PlanPro – Wikipedia

PlanPro ist ein XML-basiertes Datenformat und Objektmodell für Planungen der Leit- und Sicherungstechnik (LST) in Deutschland.

Im Rahmen einer gewerkeübergreifenden, datenzentrischen Planung mit Building Information Modeling ist PlanPro das Fachformat für LST.[1]

Um das Modell für verschiedene Planungs- und Realisierungsprozesse zu nutzen, muss es verschiedene Sichten auf die Daten zulassen, beispielsweise in funktionaler, konstruktiver, ausrüstungstechnischer und baulicher Hinsicht.

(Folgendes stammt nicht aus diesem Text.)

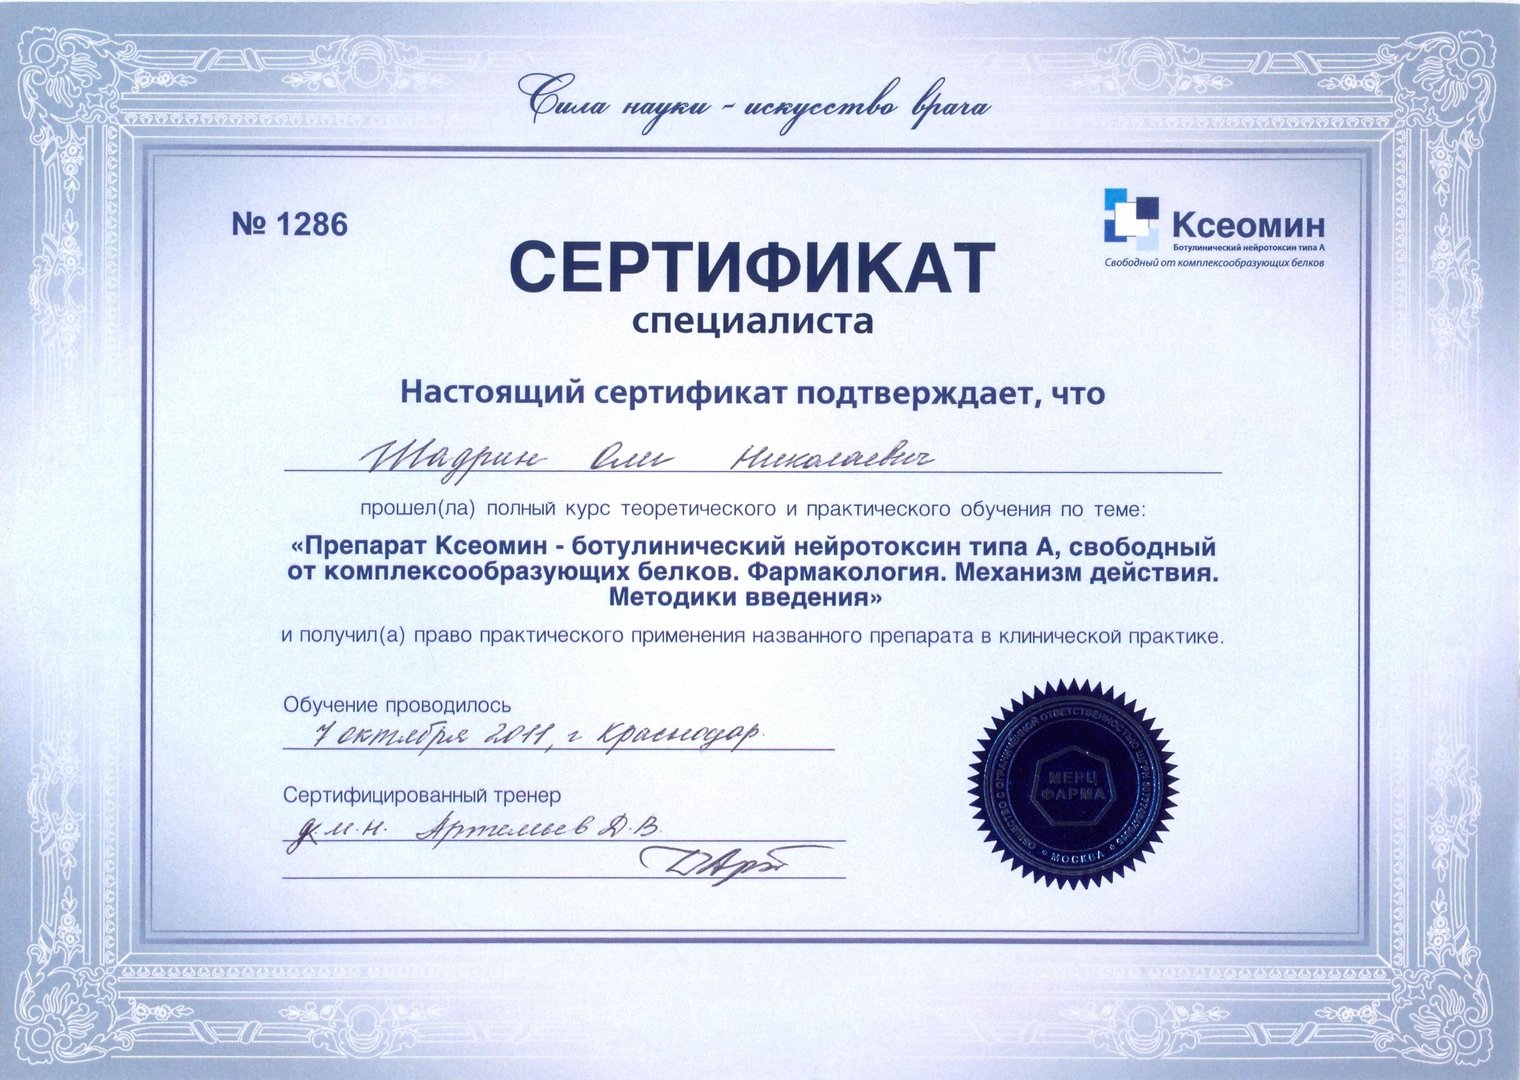 Сертификат на право применения препарата Ксеомин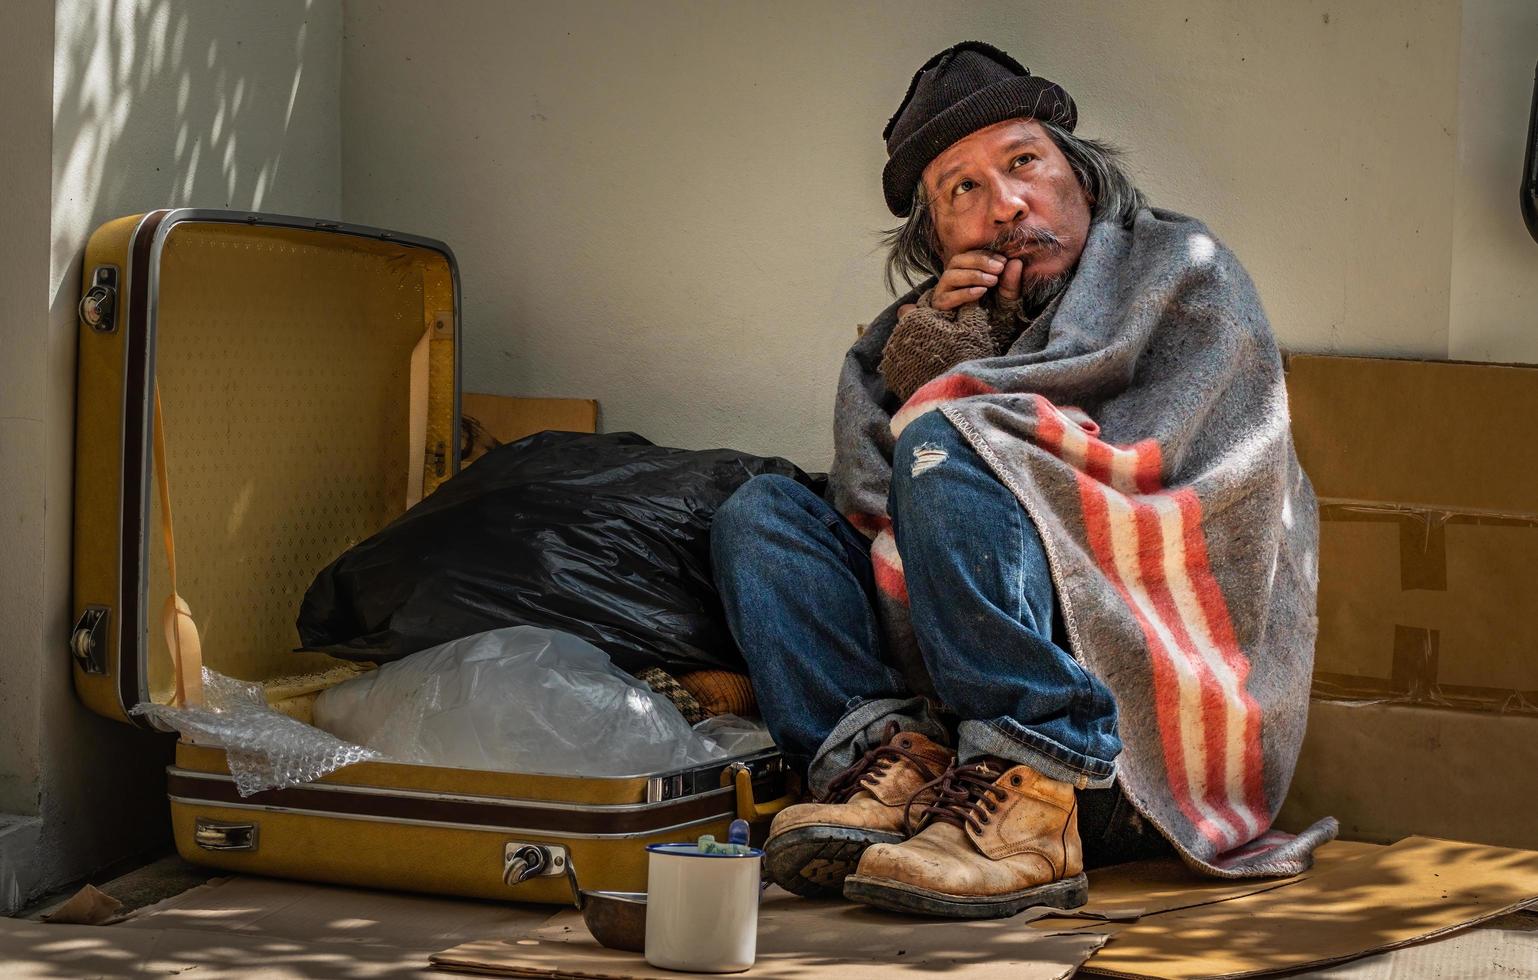 il senzatetto attende qualsiasi aiuto e donazione dal passante. foto

Die Zusammenhänge werden in auf PlanPro aufbauenden Softwaresystemen derart abgebildet, damit Nutzer Informationen bzw. Daten möglichst effizient und komfortabel einbringen können.[2]

Aufbauend auf der Topografie der Infrastruktur (anhand der Eisenbahnvermessung) wird ein Knoten-Kanten-Modell geschaffen, an dem LST-Objekte verortet werden. Mittels darüber hinausgehender Daten, die zuvor nicht Bestandteil der Planung waren, sollen zunehmend Planungsdaten durch Algorithmen automatisch errechnet werden.[3]

Ein ähnliches Datenformat ist RailML.

PlanPro wurde geschaffen, um eine durchgängig elektronische Datenhaltung für Planung, Prüfung und Bau von LST-Anlagen zu schaffen, an Stelle der bis dahin üblichen Übergabe von Planunterlagen in Papier.[4] Lag zunächst ein wesentliches Ziel in der Kostenreduktion, gewann nach einigen Jahren die Zeitersparnis – durch Verkürzung des Planungsprozesses bei gleichzeitig erhöhter Qualität der Planung mittels durchgängig elektronischer Datenhaltung – an Bedeutung.[3][5] Mit der Digitalen Schiene Deutschland (und dem damit einher gehenden zusätzlichen Bedarf an Planungen) rückte auch eine Teilautomatisierung der Planung in den Fokus.[5]

Eine 2001 vorgelegte Dissertation schlug bereits ein solches einheitliches Datenmodell vor.[6]

DB Netz entwickelt das PlanPro-Modell seit 2008 (nach anderen Angaben 2009[3]) in Zusammenarbeit mit Planern, Planprüfern, Richtlinienautoren, Ingenieurwissenschaftlern, Signalbaufirmen und Softwareherstellern. Es wird seither an Anforderungen aus der Praxis angepasst, darunter ETCS, Digitale Stellwerke und Building Information Modeling.[2]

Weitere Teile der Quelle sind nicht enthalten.